The paper uses the roots of the above quadratic in the denominator of the integrand to arrive at the sum.

They state that $\displaystyle \sin\left (\frac{k\pi}{3}\right)$ has period 6:

$\displaystyle \frac{\sqrt{3}}{2}, \;\ \frac{\sqrt{3}}{2}, \;\ 0, \;\ \frac{-\sqrt{3}}{2}, \;\ \frac{-\sqrt{3}}{2}, \;\ 0$. Then, they repeat.

These are used to equate: $\displaystyle \sum_{k=1}^{\infty}\frac{\sin\left (\frac{\pi k}{3}\right )}{k^{2}}$ to

$\displaystyle \frac{\sqrt{3}}{2}\sum_{k=0}^{\infty}\left(\frac{1}{(6k+1)^{2}}+\frac{1}{(6k+2)^{2}}-\frac{1}{(6k+4)^{2}}-\frac{1}{(6k+5)^{2}}\right)$

The digamma is then used to evaluate the sums.

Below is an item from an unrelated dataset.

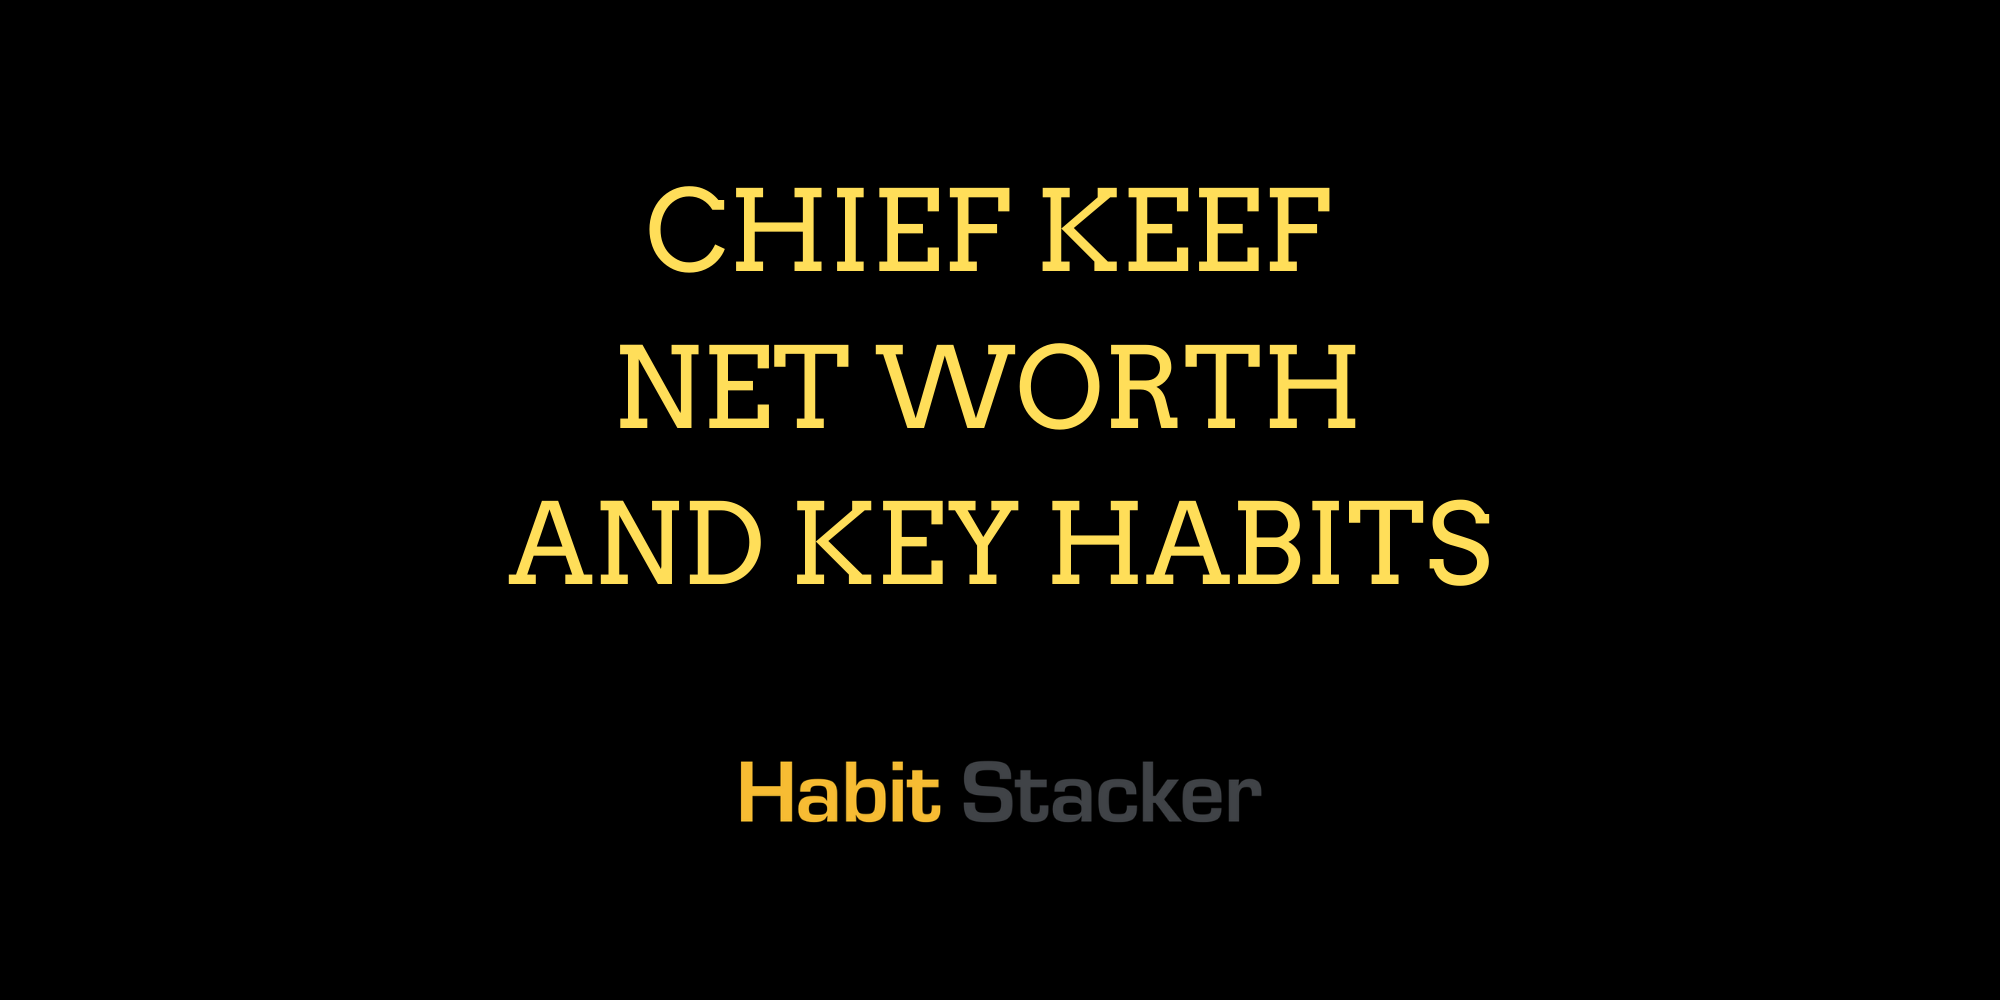 Chief Keef Net Worth and Key Habits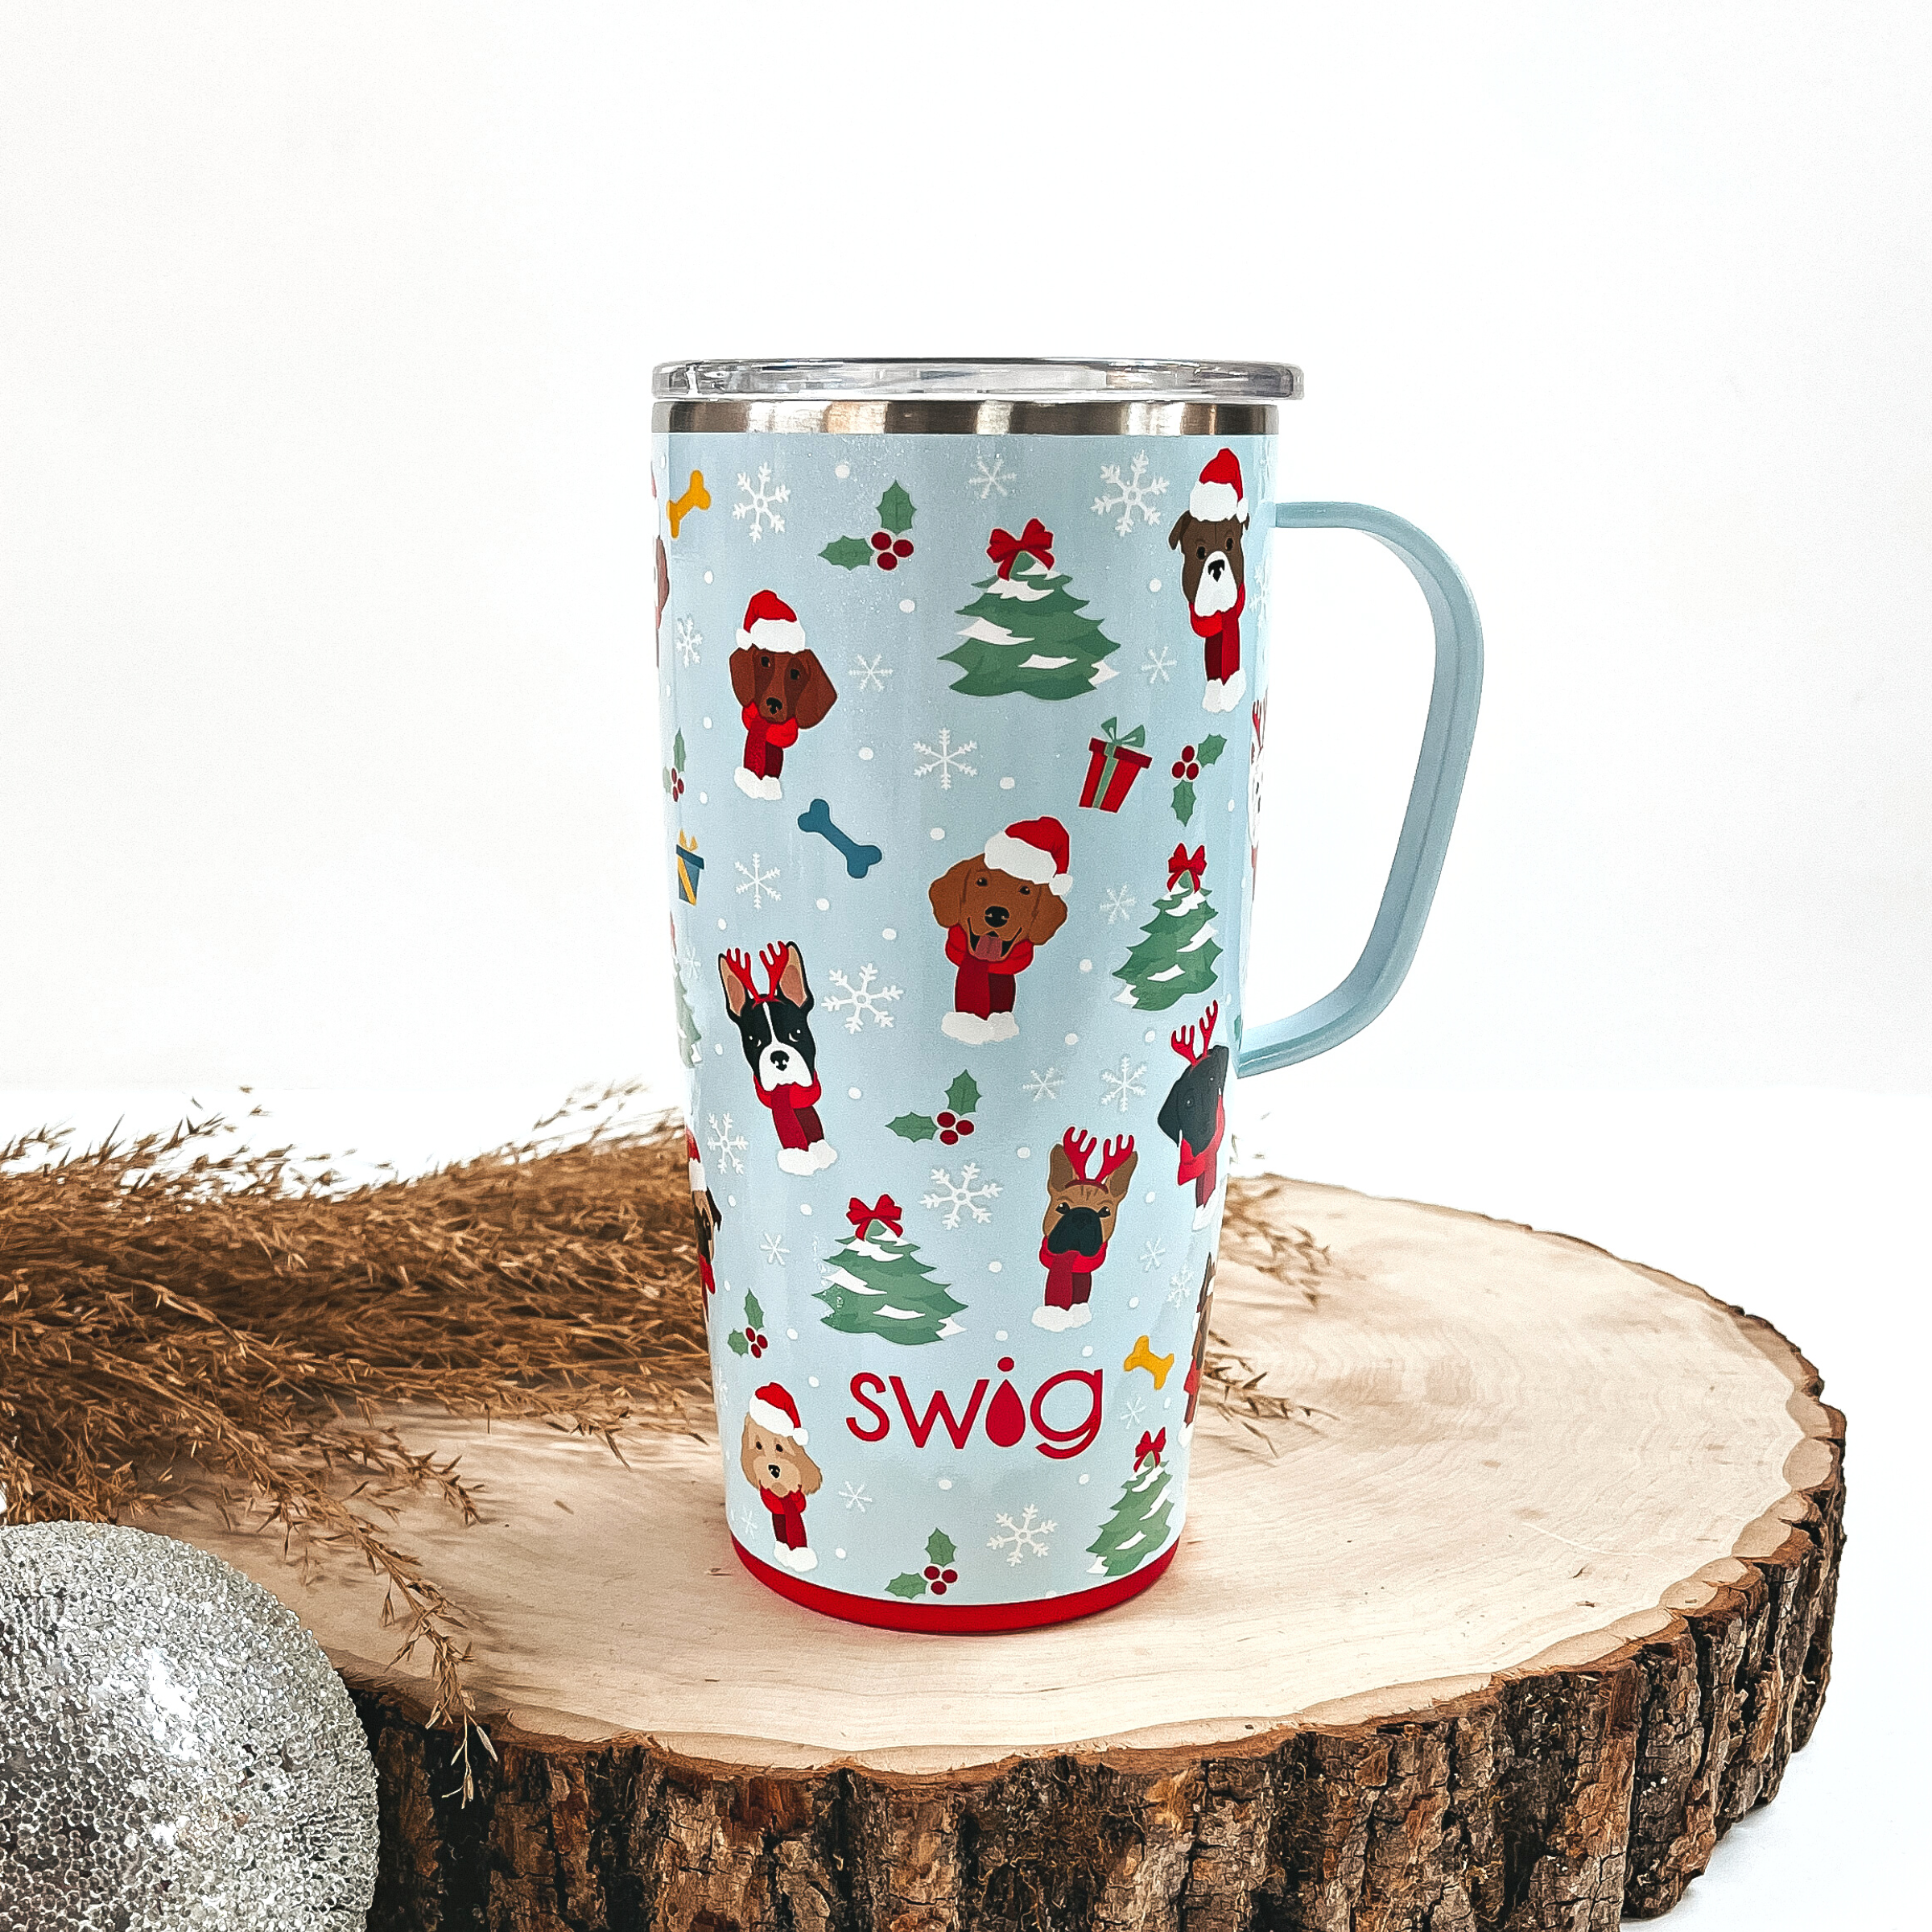 This is a light blue cup with a handle, a red top and bottom, with different kinds  of dogs, christmas tree's, snowflakes, mistletoes, and presents all over.  This cup is taken on top of a slab of wood and on a white background, with  a silver ornament and brown plant in the back as decor.

I have no problem with the paper except how they equate this sin sum to the sum on the right side. Given $\displaystyle\sum_{k=0}^{\infty}\frac{1}{(ak+b)^{2}}$, they use a=6 because that is the period of the sin, and they use b=1,2,4,5 because those sin values, in that order, are not 0.

But, they do not explain how the sin sum can be written like the right side in the first place. Perhaps it is something I should be seeing.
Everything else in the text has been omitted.